EXERCISE OBJECTIVE: The entire listing below is to be written out exactly, minus the pictures.

COLLECTED DATA:

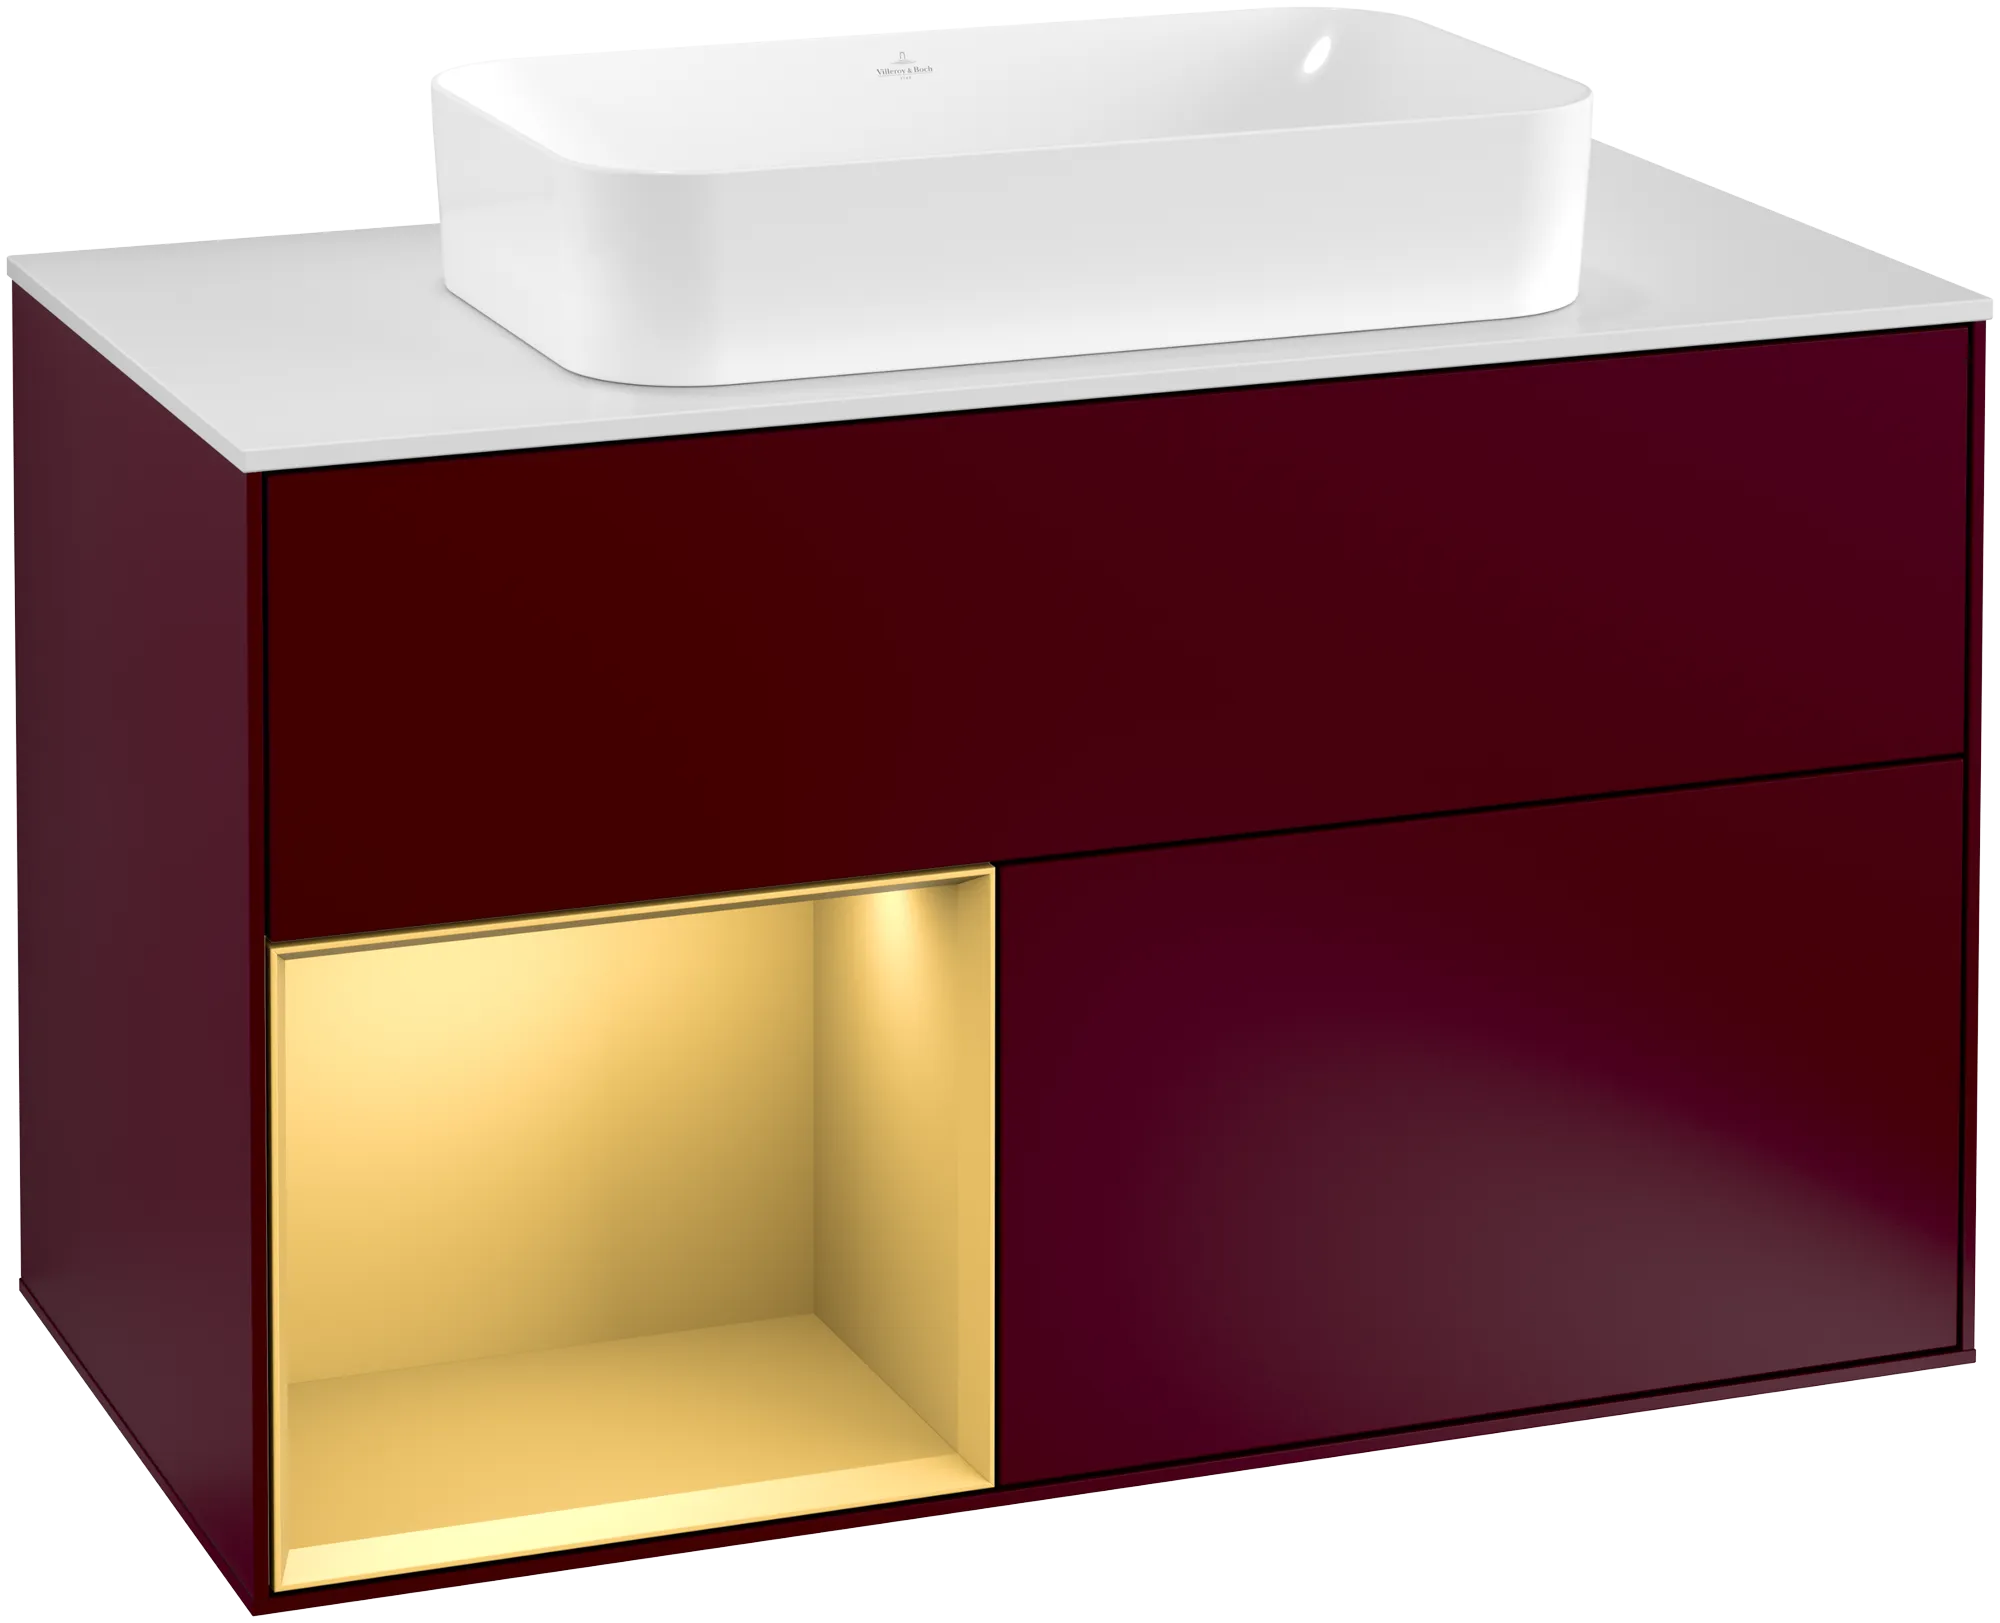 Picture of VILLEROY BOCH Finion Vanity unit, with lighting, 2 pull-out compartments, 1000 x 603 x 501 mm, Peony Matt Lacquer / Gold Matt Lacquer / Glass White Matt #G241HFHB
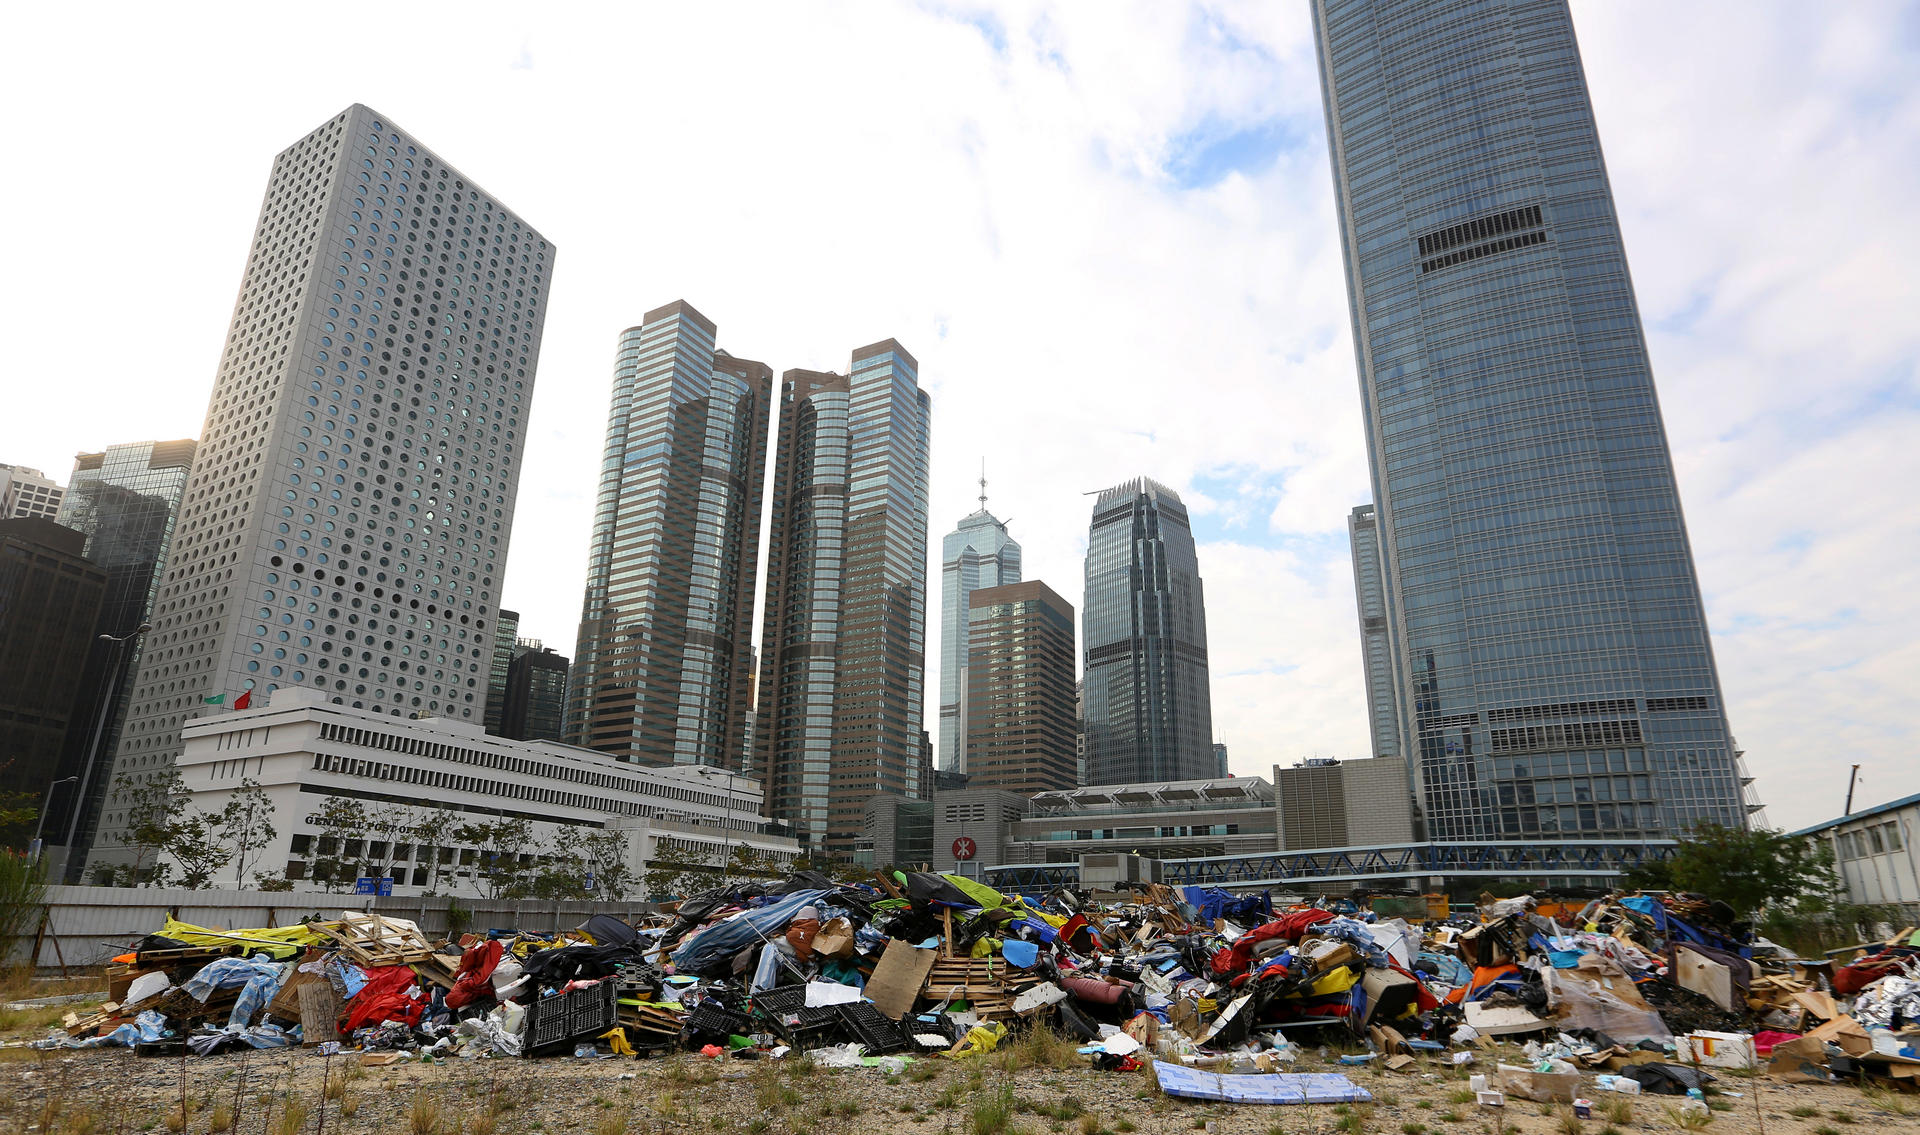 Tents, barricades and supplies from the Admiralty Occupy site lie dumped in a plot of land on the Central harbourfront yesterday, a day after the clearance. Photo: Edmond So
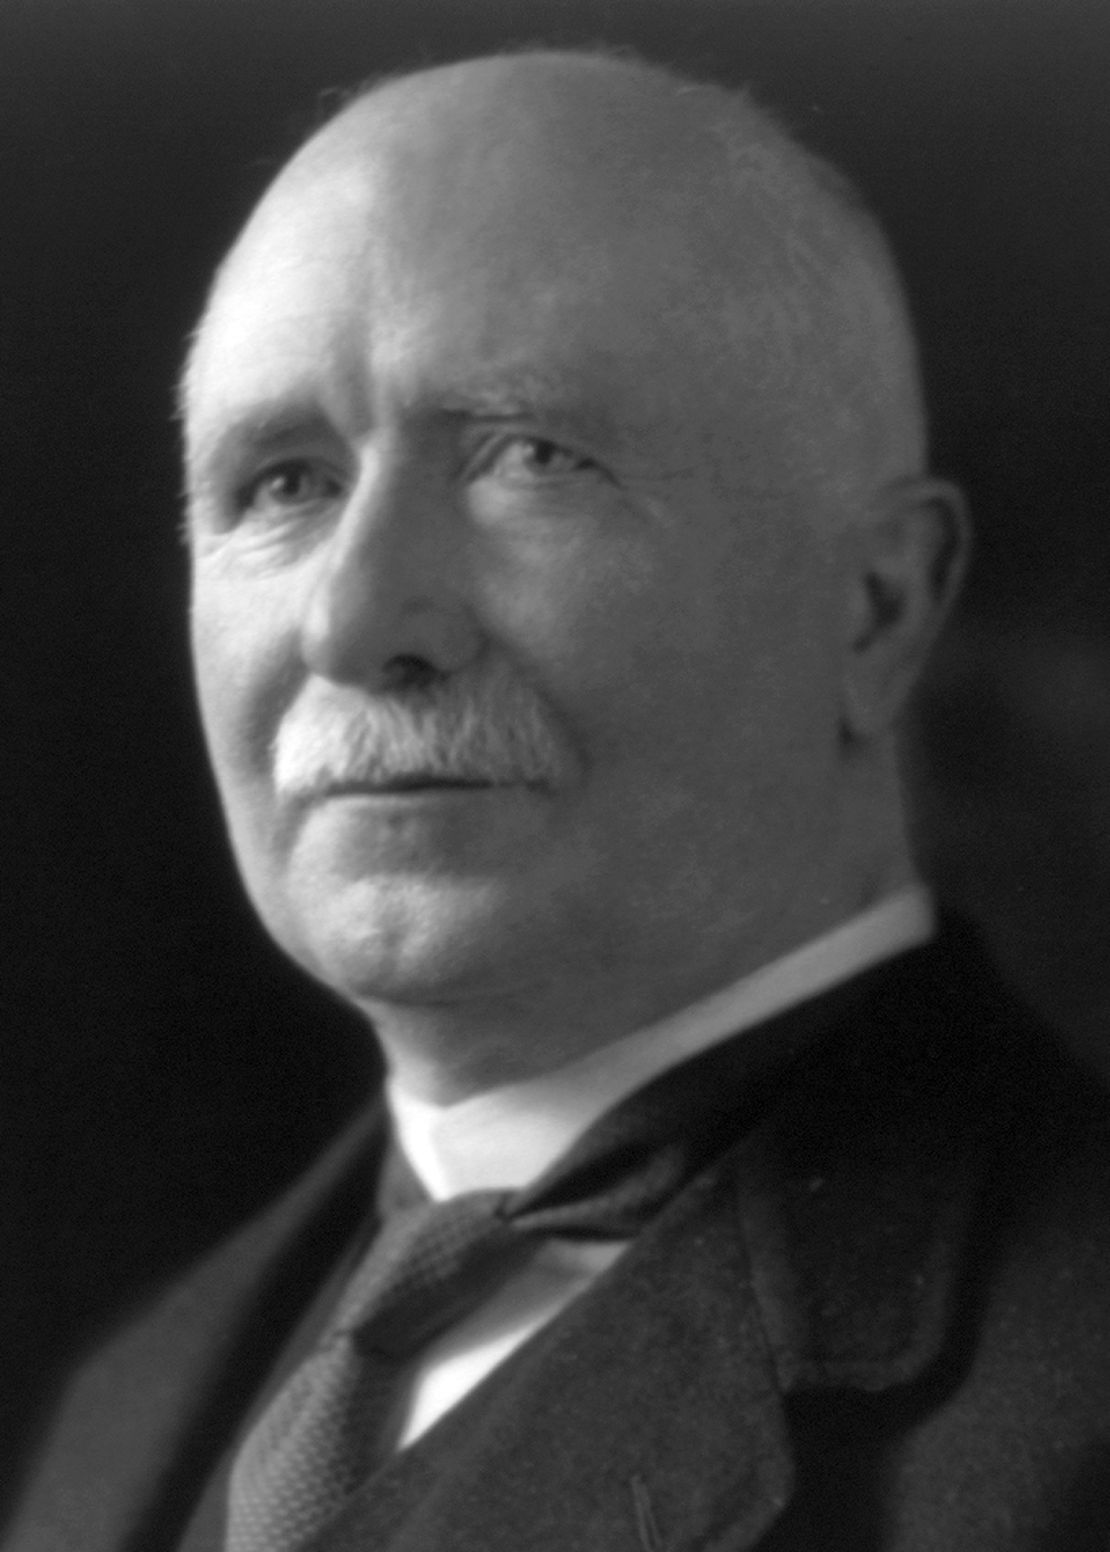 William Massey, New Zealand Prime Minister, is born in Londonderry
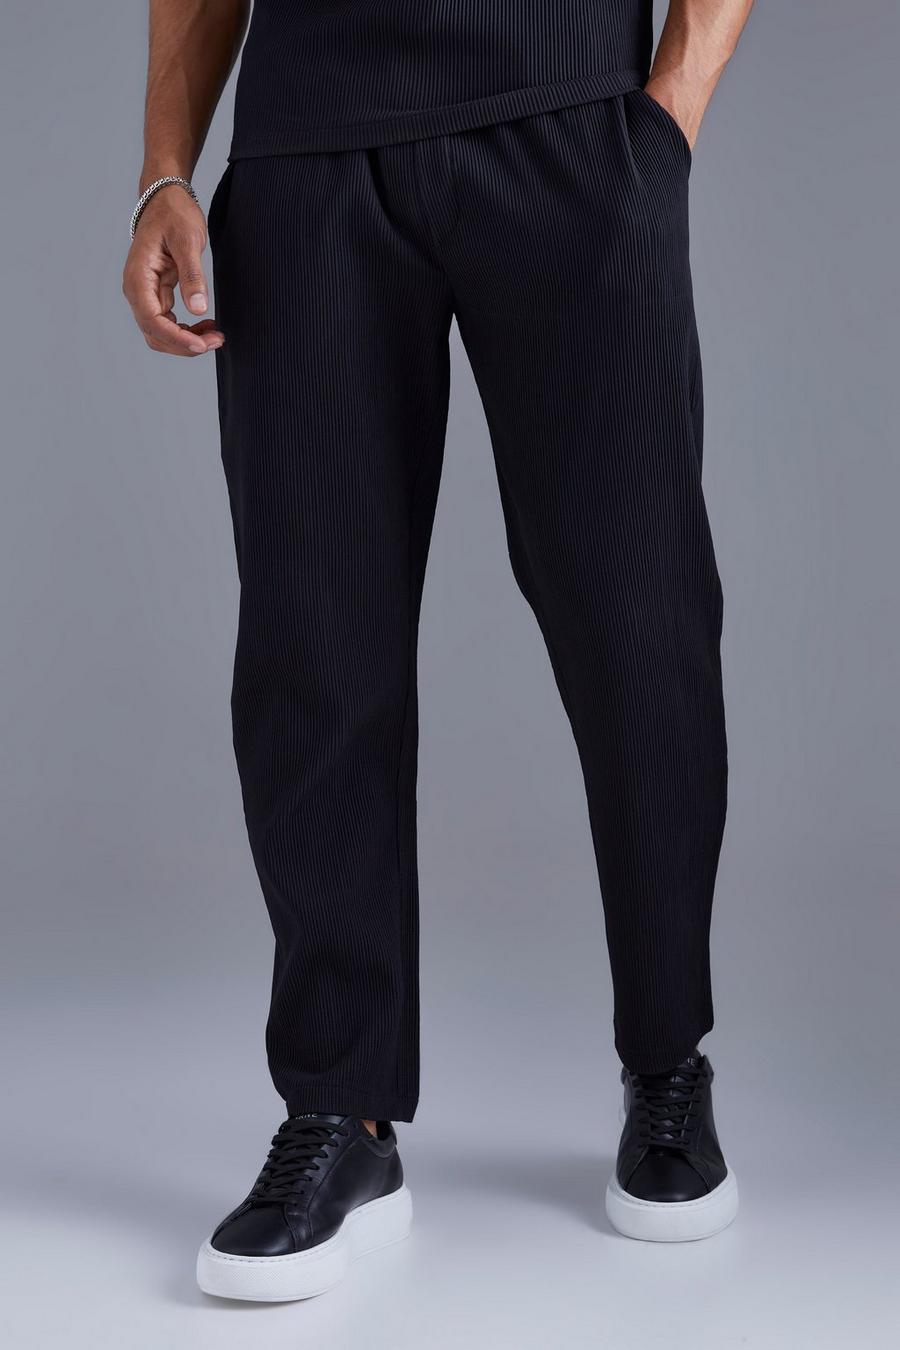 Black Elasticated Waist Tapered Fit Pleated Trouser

THE COMPLETED TASK:
 Picture of VILLEROY BOCH Finion Vanity unit, with lighting, 2 pull-out compartments, 1000 x 603 x 501 mm, Peony Matt Lacquer / Gold Matt Lacquer / Glass White Matt #G241HFHB
 Tents, barricades and supplies from the Admiralty Occupy site lie dumped in a plot of land on the Central harbourfront yesterday, a day after the clearance. Photo: Edmond So
 William Massey, New Zealand Prime Minister, is born in Londonderry
 Black Elasticated Waist Tapered Fit Pleated Trouser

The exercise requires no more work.